Martin’s blog, Season 2 esp 2: Inspiration is all around

Graham, Sinead, Tamara and Martin

To anyone who went out and raced over the last weekend, I commend you. As one fellow runner put it to me on the day of the Kinsale 10 mile, it was ‘manky’. Has ever a word been so appropriate to describe the weather during the race? It was down right awful. However, that didn’t dampen the mood for the nearly one thousand runners as we descended on Kinsale Community School. I was among the brave souls that took to the start line as the heavens opened above us. The race was extremely well organised by the Riverstick Kinsale club. The amount of marshals out around the course was great to see. Running in those conditions was bad enough but it was unbelievable seeing so many out supporting.

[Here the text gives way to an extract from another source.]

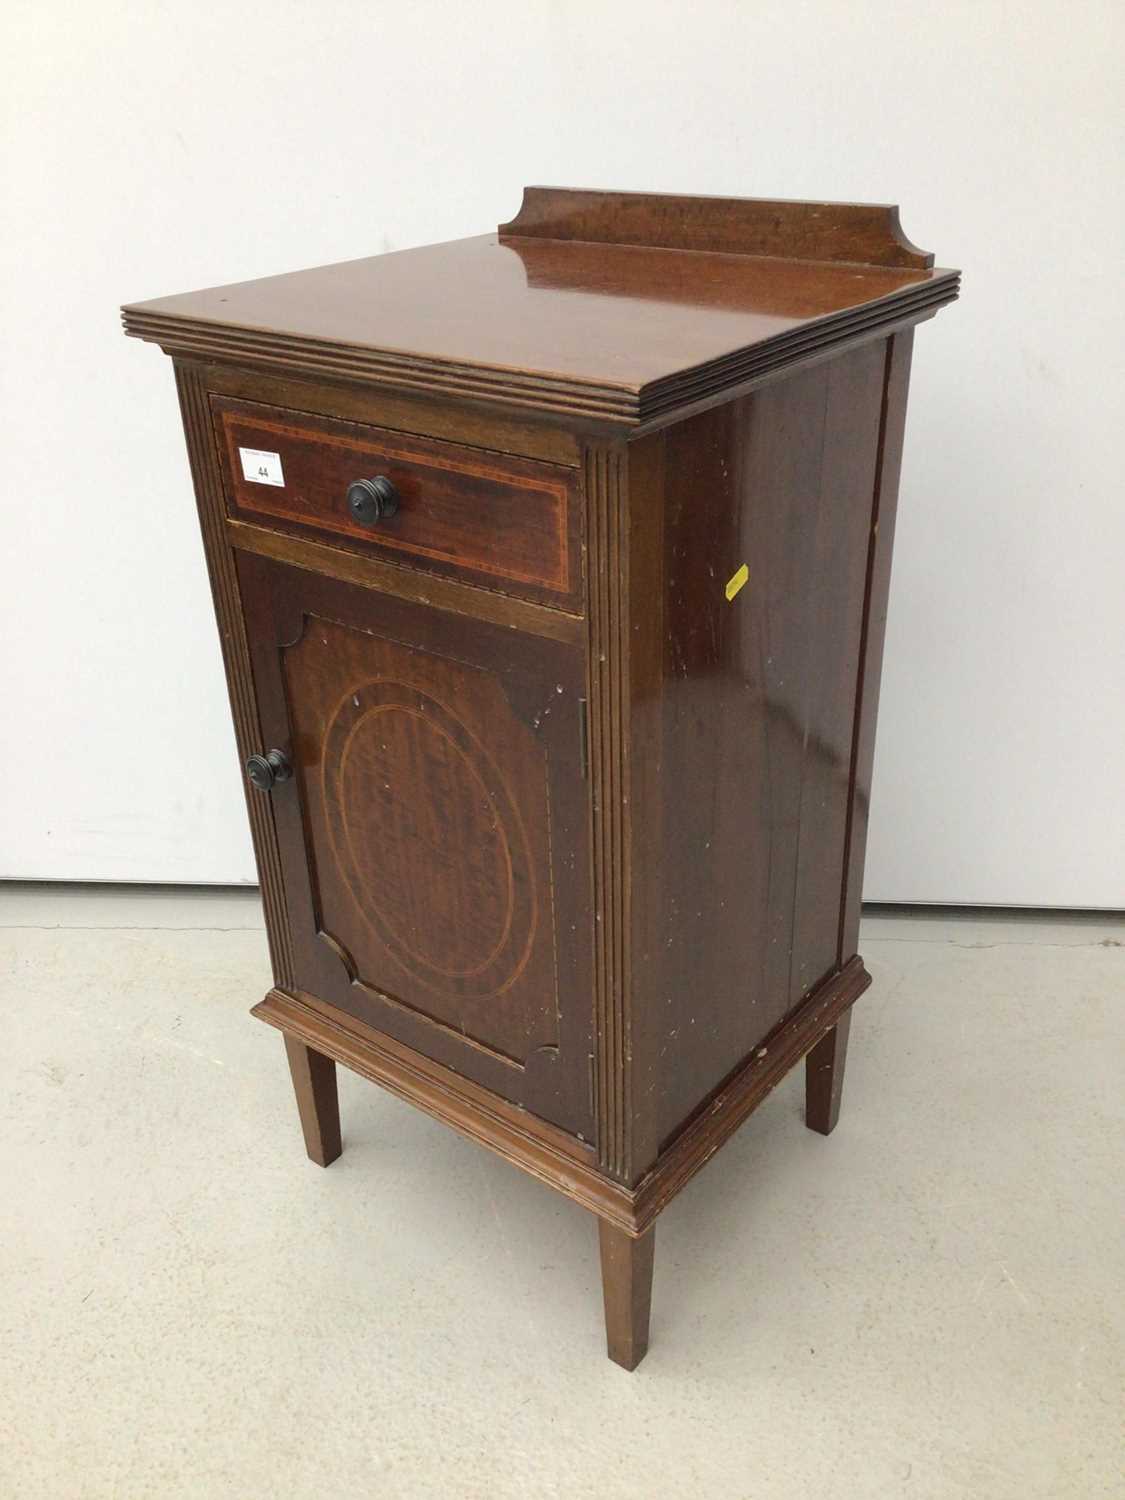 Lot 44 - Ewardian inlaid mahogany bedside cupboard with single drawer and panelled door below, 40cm wide x 78cm high
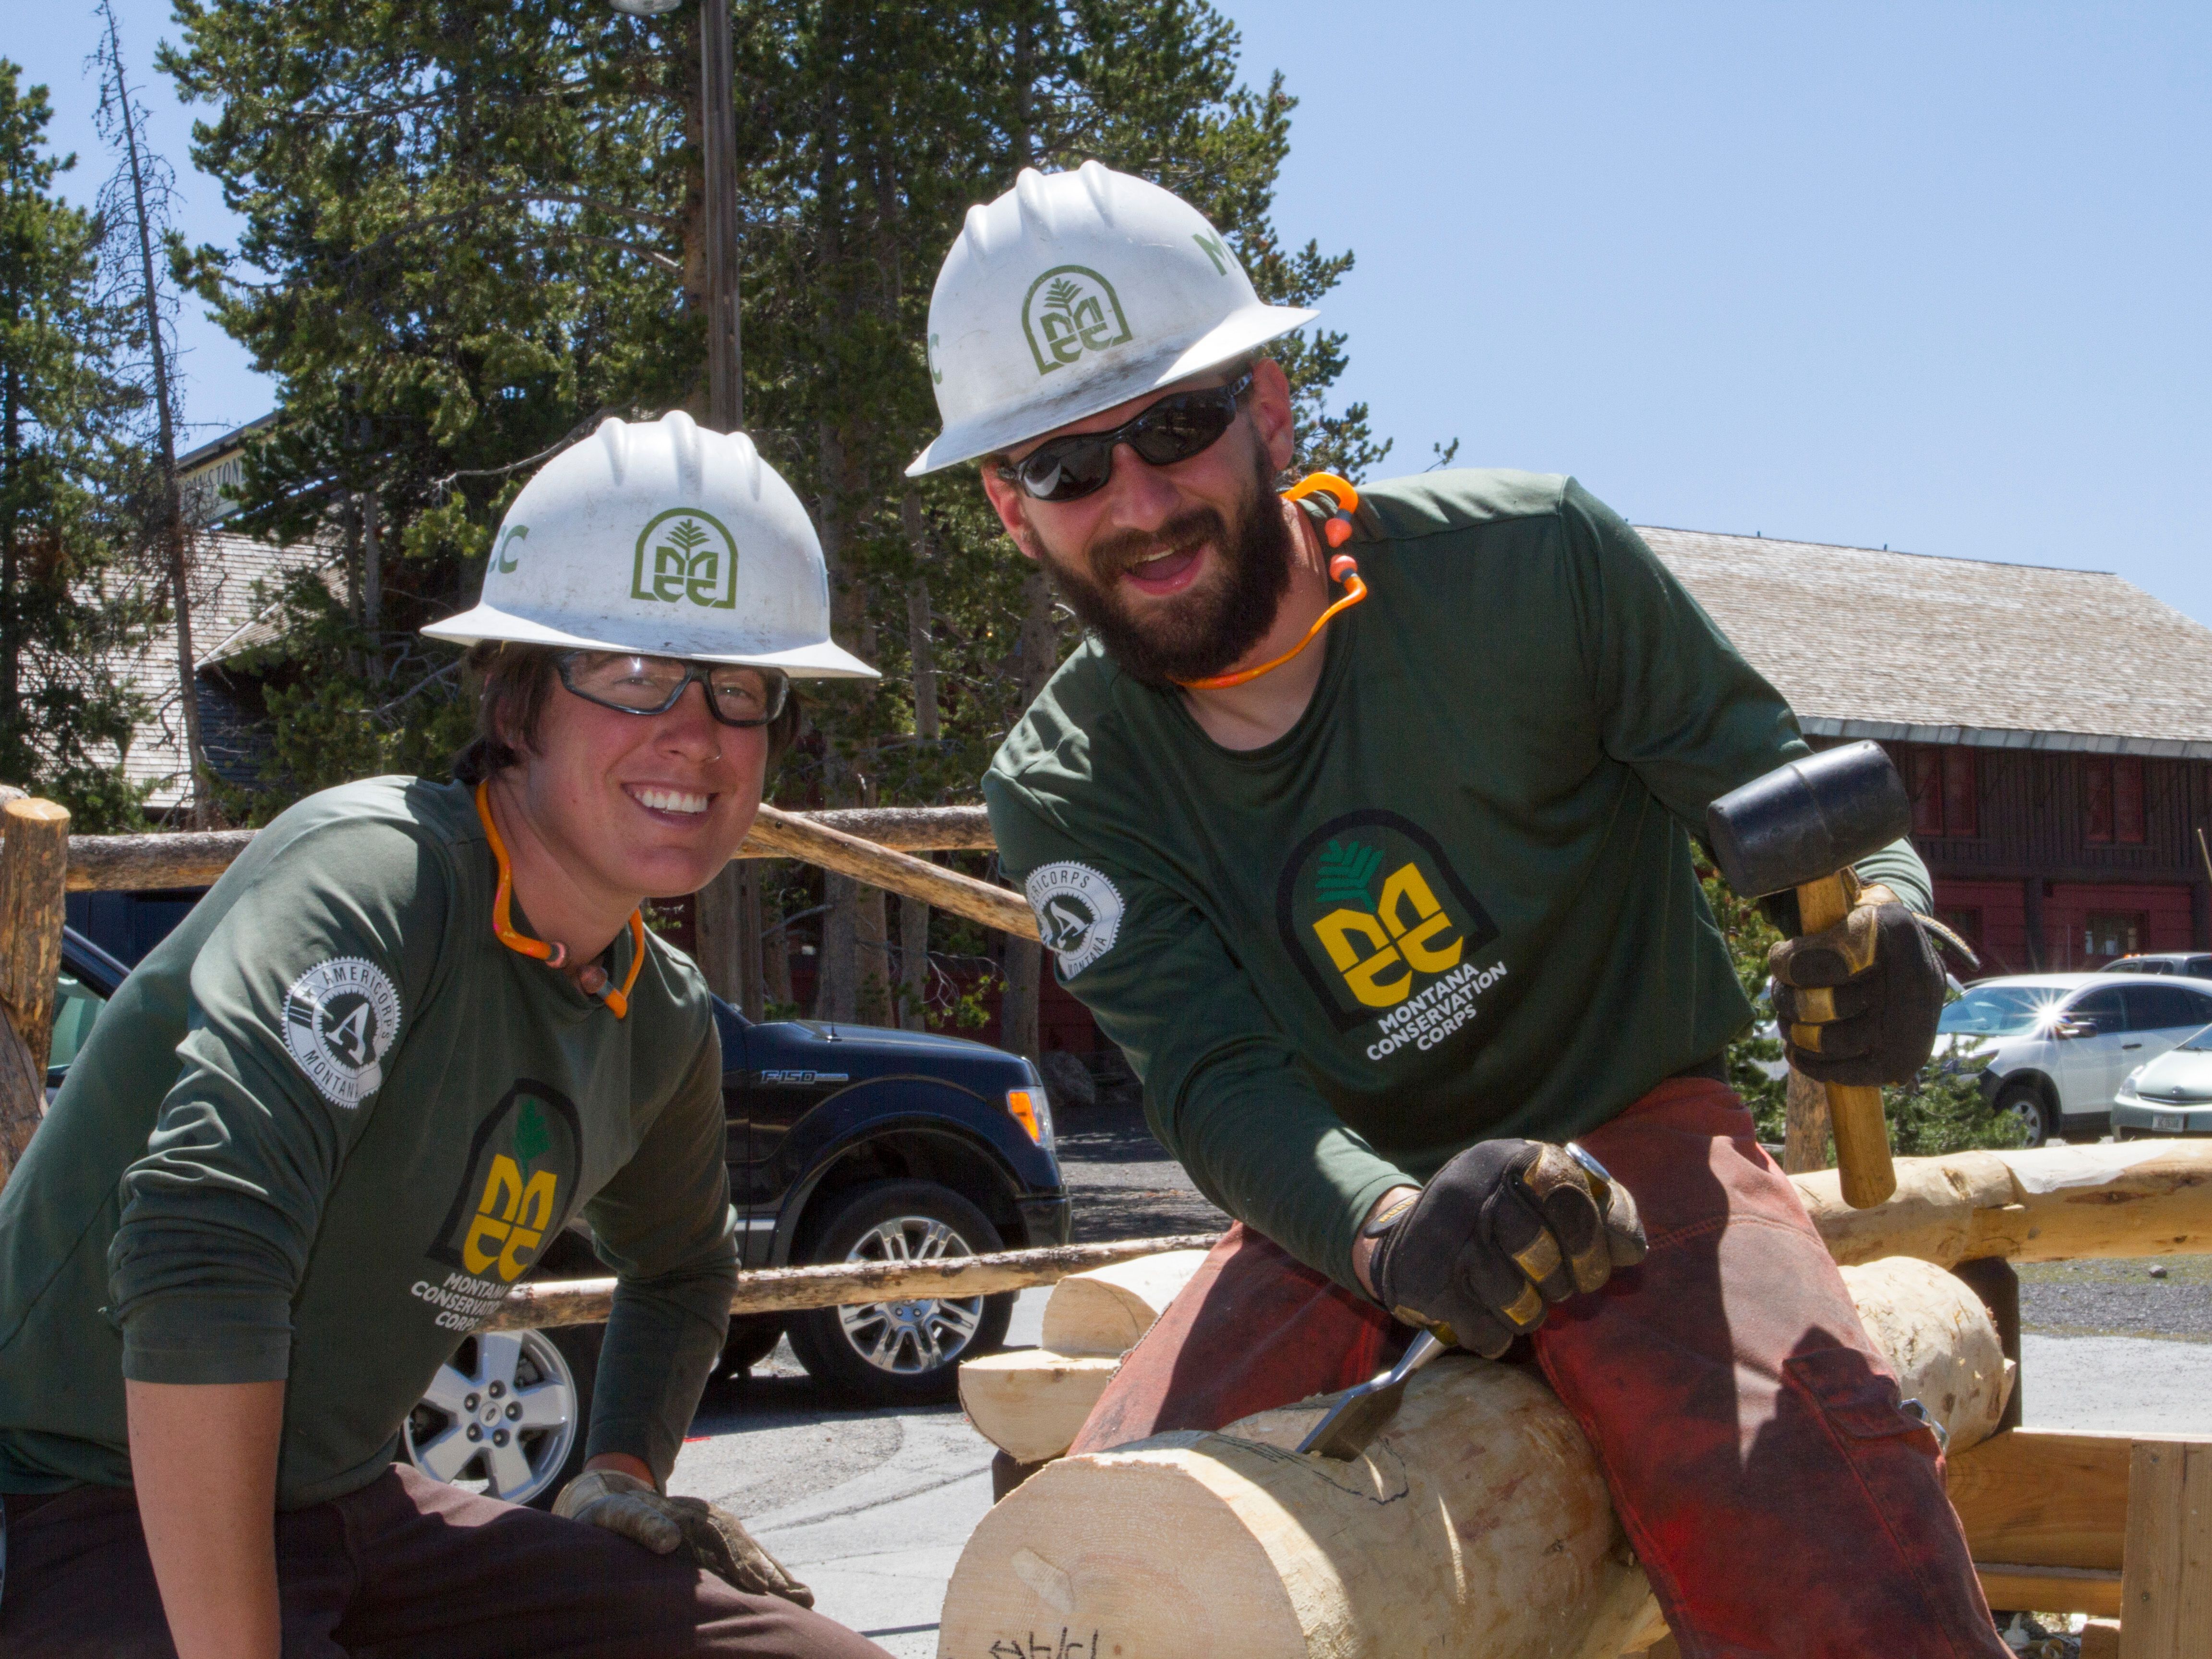 [Image description: A sunny day, centered are two MCC crew members notching a log with a mallet and chisel, smiling through protective gear; clear glasses, ear plugs, helmets and gloves on.]

Martin and our friend Graham


When I’m in the middle of training, I love to devour any marathon or running content I can find. That may be books, documentaries, podcasts or anything I can get my hands on. Des Lindens ‘Choosing to Run’ arrived in the post  recently and I have it lined up to read next. The Boston Marathon winner in 2018 is an incredible runner and I look forward to picking up that book. At the moment I’m coming to the end of the fascinating ‘Out Of Thin Air’ by Michael Crawley, this is the man who spent 15 months training amongst runners of all levels in Ethiopia. ‘Running is My Therapy’ by Scott Doiglas is another one of my favourite books. It’s one I go back to again and again and it’s well worth a read. ‘Running with the Kenyans’, ‘The Way of the Runner’ and ‘The Rise of the Ultra Runners’ by Adharanand Finn, are three must-reads from one of the most talented running authors around.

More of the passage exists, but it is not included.